Hi @sebgamby, This is already possible. Please see the Advanced startup section in the readme. You can set two environment variables to control the ports used by ntlm-proxy, start the ntlm-proxy and then start cypress-ntlm. It will then use the existing ntlm-proxy instead of starting its own. Remember to shut down the ntlm-proxy when done so your machine doesn't get swarmed with ntlm-proxy instances over time.

sebgamby commented 1 year ago

I was already aware of those environment variables. I have made a test with the following in a Powershell prompt on Windows 10: $env:CYPRESS_NTLM_AUTH_API="http://127.0.0.1:57614" $env:CYPRESS_NTLM_AUTH_PROXY="http://127.0.0.1:57615" $env:NO_PROXY="<-loopback>,localhost:1080,localhost:1025,localhost:44328,localhost:57614,localhost:57615" Then I execute "npx cypress-ntlm open" and I get "An error occurred while communicating with NTLM proxy: connect ECONNREFUSED 127.0.0.1:61805"

Now I execute "npx ntlm-proxy" in a separate Powershell prompt, write-down the reserved ports, go back to the initial prompt, adapt the variables based on written down values, and re-run "npx cypress-nltm" then it works this time.

My issue is that I cannot instruct ntlm-proxy to use specific ports. I have tried setting the environment variables CYPRESS_NTLM_AUTH_API and CYPRESS_NTLM_AUTH_PROXY in its dedicated Powershell prompt but they are ignored and on each new execution, new ports are reserved. I would need ntlm-proxy to reserve the ports I have selected instead of random ones.

bjowes commented 1 year ago

Ok, thanks for clarifying. Indeed the ntlm-proxy should respect those environment variables. I'll investigate.

On Tue, Sep 6, 2022 at 12:12 PM sebgamby @.***> wrote:

I was already aware of those environment variables. I have made a test with the following in a Powershell prompt on Windows 10: $env:CYPRESS_NTLM_AUTH_API="http://127.0.0.1:57614" $env:CYPRESS_NTLM_AUTH_PROXY="http://127.0.0.1:57615"

$env:NO_PROXY="<-loopback>,localhost:1080,localhost:1025,localhost:44328,localhost:57614,localhost:57615" Then I execute "npx cypress-ntlm open" and I get "An error occurred while communicating with NTLM proxy: connect ECONNREFUSED 127.0.0.1:61805"

Now I execute "npx ntlm-proxy" in a separate Powershell prompt, write-down the reserved ports, go back to the initial prompt, adapt the variables based on written down values, and re-run "npx cypress-nltm" then it works this time.

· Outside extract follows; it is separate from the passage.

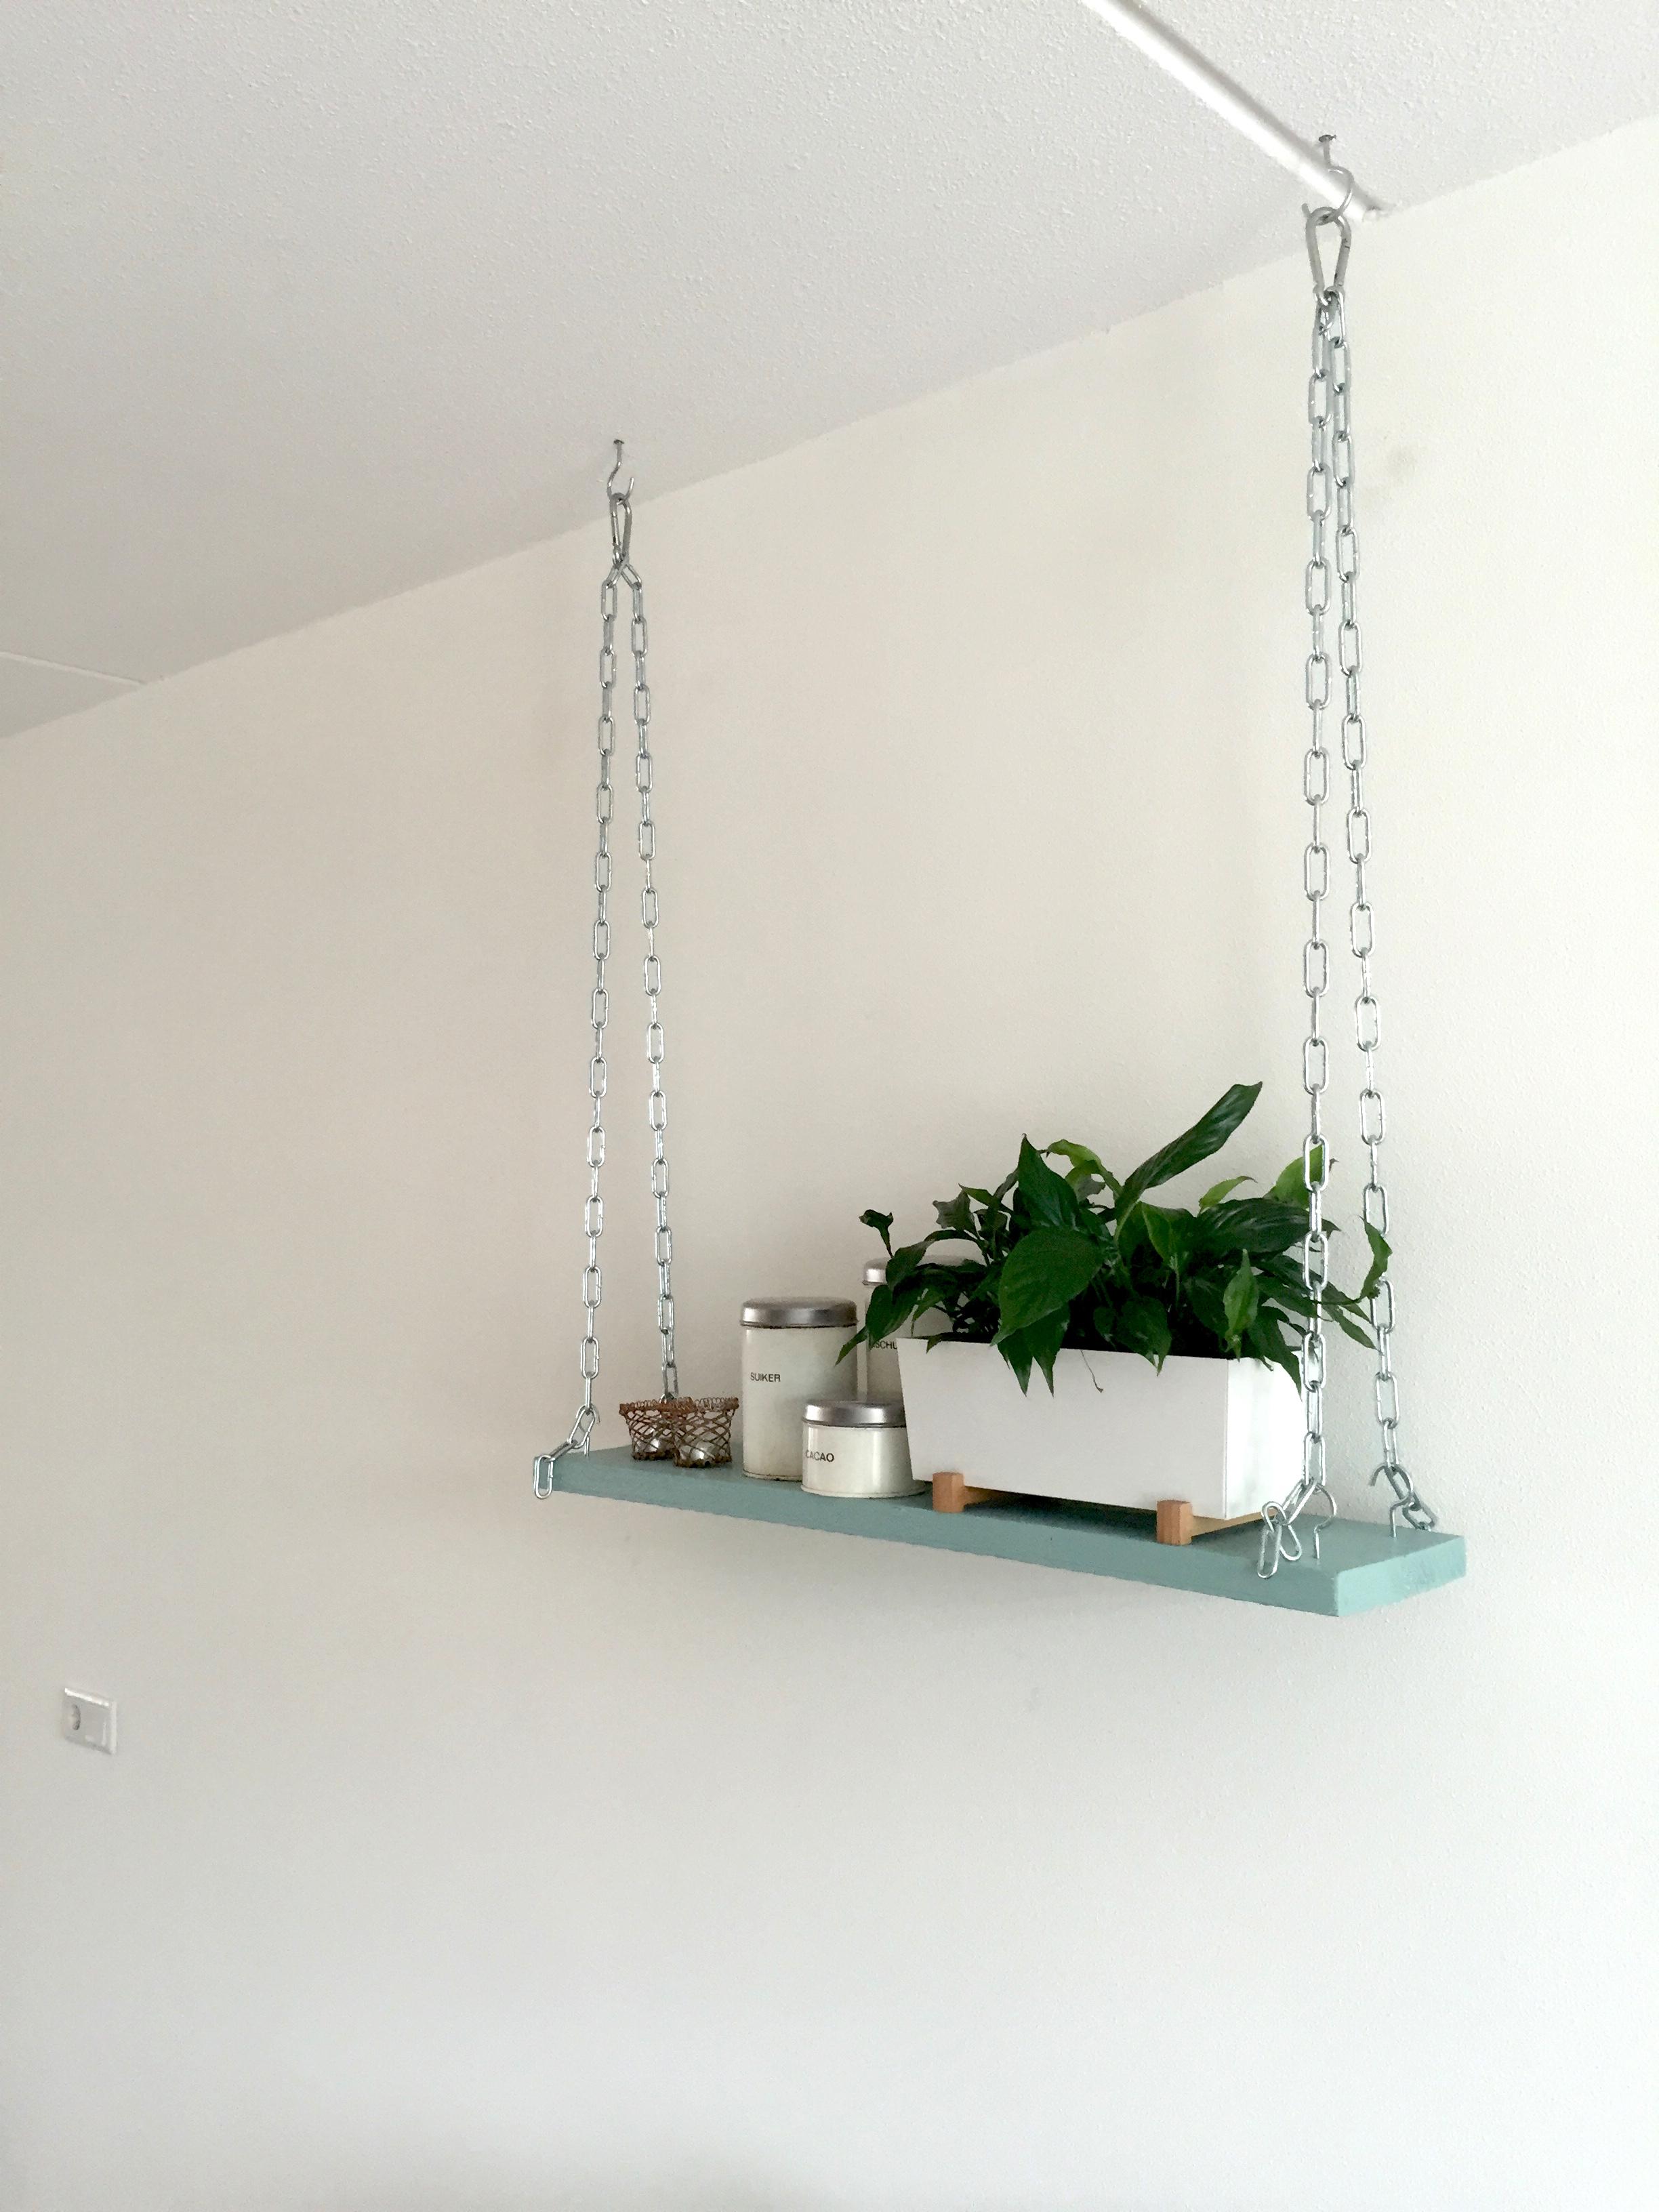 Plank Bevestigen Muur.Hangende Industriele Plank Aan Het Plafond Interieur By Cher

My issue is that I cannot instruct ntlm-proxy to use specific ports. I have tried setting the environment variables CYPRESS_NTLM_AUTH_API and CYPRESS_NTLM_AUTH_PROXY in its dedicated Powershell prompt but they are ignored and on each new execution, new ports are reserved. I would need ntlm-proxy to reserve the ports I have selected instead of random ones.

— Reply to this email directly, view it on GitHub https://github.com/bjowes/cypress-ntlm-auth/issues/208#issuecomment-1237948326, or unsubscribe https://github.com/notifications/unsubscribe-auth/ABCHR3B5QNLLJ5CG7AEBW6DV44KJNANCNFSM6AAAAAAQFS2YMA . You are receiving this because you commented.Message ID: @.***>

sebgamby commented 1 year ago

Thanks in advance. For information, I am version 4.0.2 of cypress-ntlm-auth and version 9.4.1 of Cypress. Let me know if you need extra information.

bjowes commented 1 year ago

Please try version 4.0.3

sebgamby commented 1 year ago

I have just tested and it works. Thank you for the very fast resolution.